It’s hard to believe that it has already been 30 years since I graduated with my MBA and went out into the real world for my first graduate job search. I had a simple and vague idea I wanted to break into the world of international business, whatever that entailed. I went to a well-respected graduate program at the University of Birmingham in England, rated in the top 50 globally at the time and thought this was going to be key to my success. It still took me another 6 months and 100’s of interviews at a time when the MBA was not so widely available and was in high demand. In fact, Canada at the time was graduating more MBA’s than all of Europe. I was eventually successful, going through 9 levels of interviews and finally landing my first job with Mitsubishi Corporation in new business development for their Aerospace and Telecommunications businesses. It was a grind, took months and was stressful not knowing how things would end.

Times have changed over the last 30 years, enrolment in higher education has more than doubled and over 40 percent of our population now has some form of higher education. Getting a degree is still a must to be considered for most higher value graduate jobs, but the degree on its own is no longer the core differentiator for top recruiters.

At Acadiate we engage a wide array of on-campus recruiters for top Fortune 1000 employers who are tasked with identifying and attracting young talent to their companies. Some companies we talk to have a team of 10-20 dedicated in-house recruiters because their intake is so great, measured in the thousands across North America and receiving 30-50,000 resumes/job applications from graduates every year.

As we interview and organize focus groups to find out how these professional recruiters are screening through candidates in such high volumes, we are gaining deep insights. It is interesting how much the industry still relies on a very simplistic document of the resume to make first level decisions that eliminate 80-90% of candidates, whether they are a recent graduate or not. This is interesting because there is a recognition of the necessity of the resume to quickly communicate certain basic facts about an individual, but at the same time most recruiters recognize it can be a very misleading and incomplete view of a candidate. Increasingly, recruiters are using more sophisticated and indirect methods for screening and evaluating candidates looking for personal attributes that separate them from the pack and demonstrates passion, commitment and drive.

It is our mission at Acadiate to demystify how professional on-campus recruiters approach hiring today and relay those findings to students and new graduates so that they can become better prepared for successfully achieving their career goals. This transition zone from academic life into professional life, is still a mystery to most students and the existing resources and approaches within higher education institutions are falling short. Talking to experts from Academia, they attribute this lack of proper preparation of students into professional life is a legacy view that higher education’s purpose is to teach complex learning and knowledge and not improve employability.
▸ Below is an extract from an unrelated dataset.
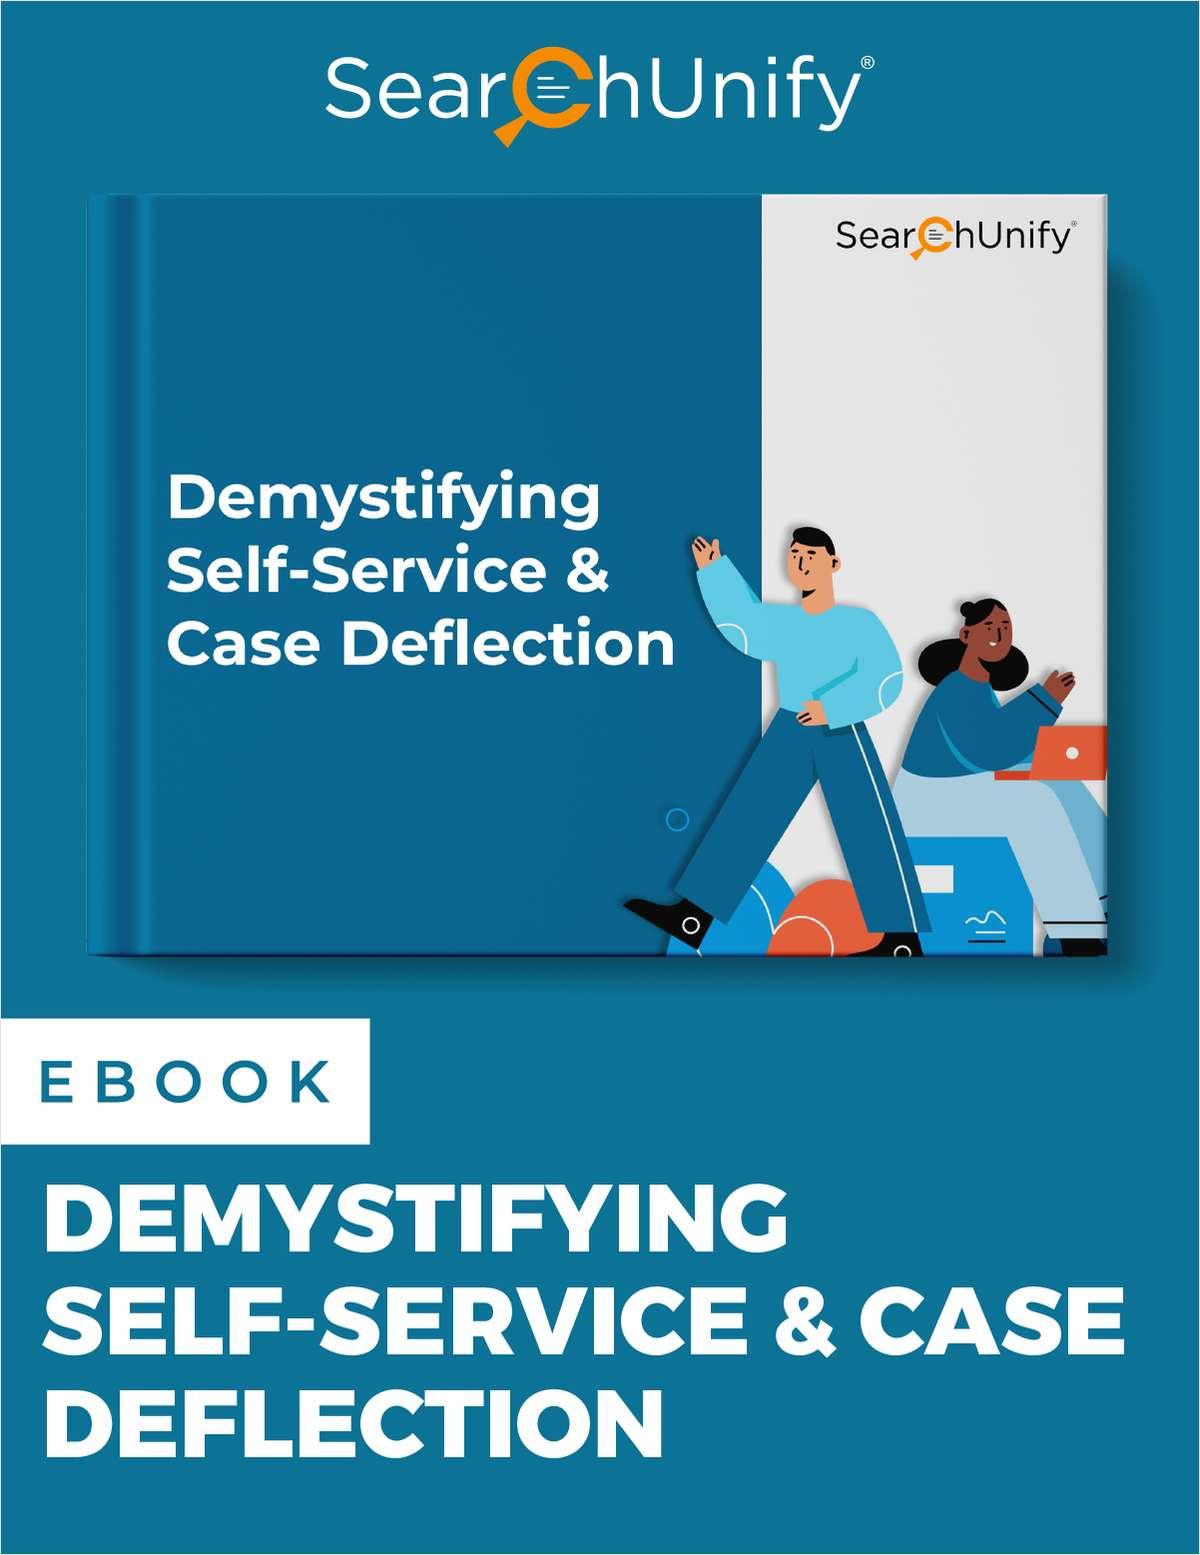 Demystifying Self-Service & Case Deflection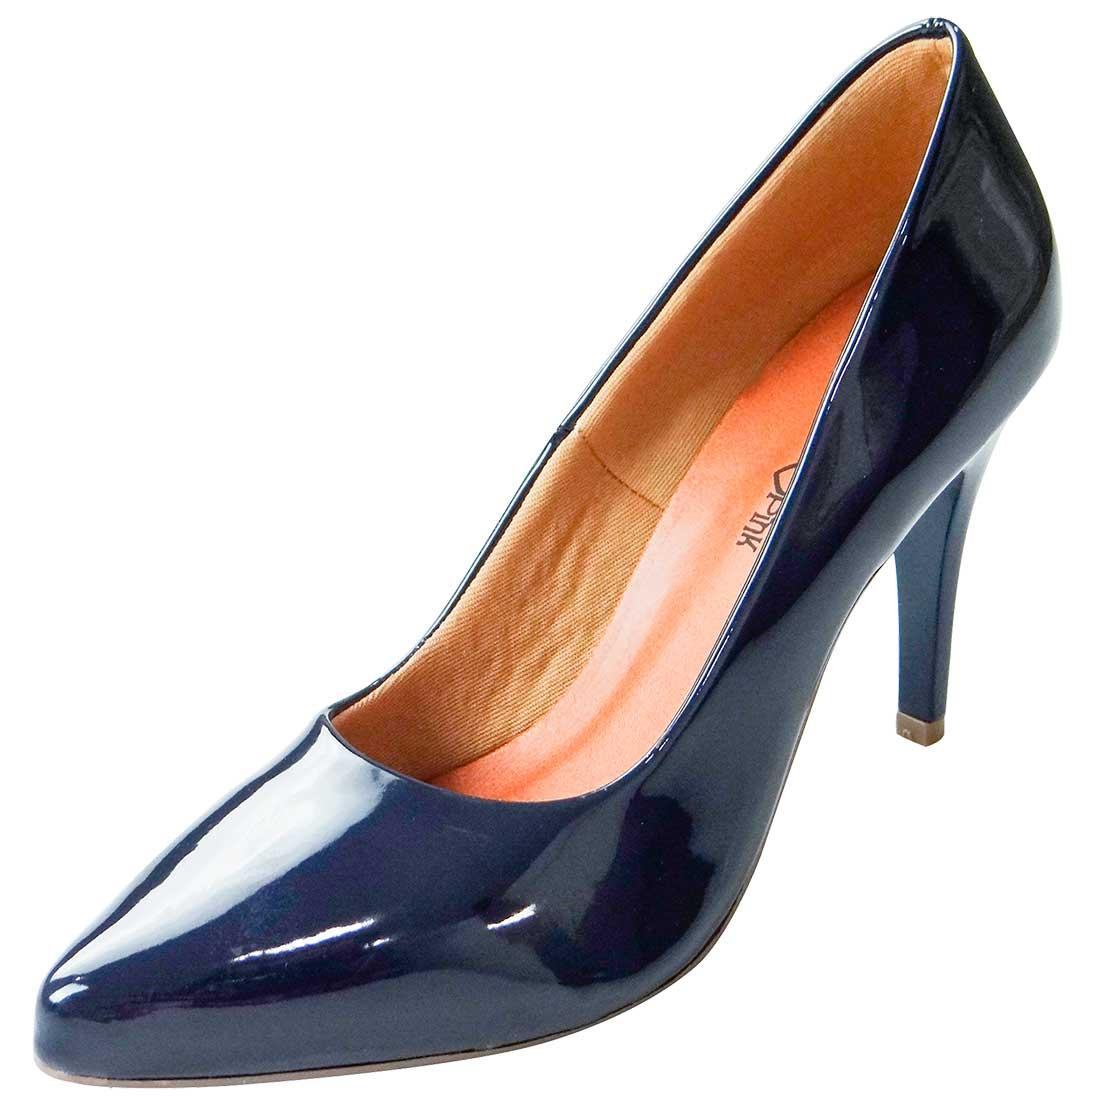 Scarpin Verniz Bico Fino - Azul

That successful complex learning curriculum and pedagogy should in most cases lead to the development of highly capable individuals, who if motivated should find professional success. Unfortunately, this is leaving the successful transition of graduates into professional life to chance and unnecessary friction.

Academia is waking up to the demands from students for more resources and guidance to better transition into professional life. This is where Acadiate positions itself as a resource made available at the program level to help University programs better target career preparation systematically within their curriculum, but also to more relevantly tie their studies with specific employers and career fields that enable real and meaningful outcomes.

Within a number of the University programs we support we often can get 30-50% of a graduating class to participate in a specific employer’s job application(s) workshop with only a few days notice. For example at the University of Toronto, we have been used as a resource to help guide students applying to highly relevant employers or careers related to their studies with top employers like IBM, RBC, or Deloitte.  With a focus on greater preparation and access, we’ve had highly positive feedback from employers with several telling us these students are the “best group of job applications from graduates they have ever seen”.

Acadiate’s unique role between industry and academia, well positions us to gain deep insight and knowledge into how employers are screening and hiring new graduates, but also concurrently see how graduates are preparing themselves or lack of. There is a clear gap of understanding and preparation by large groups of students, leading to a massive problem of labour force misallocation, but also unrealized opportunity for many of our youth. All easily prevented and correctable.

This is not about receiving special treatment or privilege, this is about increasing your awareness of your own talents and knowing how you can better communicate that talent to an employer in a form they can understand and make actionable decisions on.  It is from this premise that we have observed most new graduates have many misconceptions about graduate job search that Acadiate is systematically addressing within its community of University programs and individual users so they can find their own competitive edge.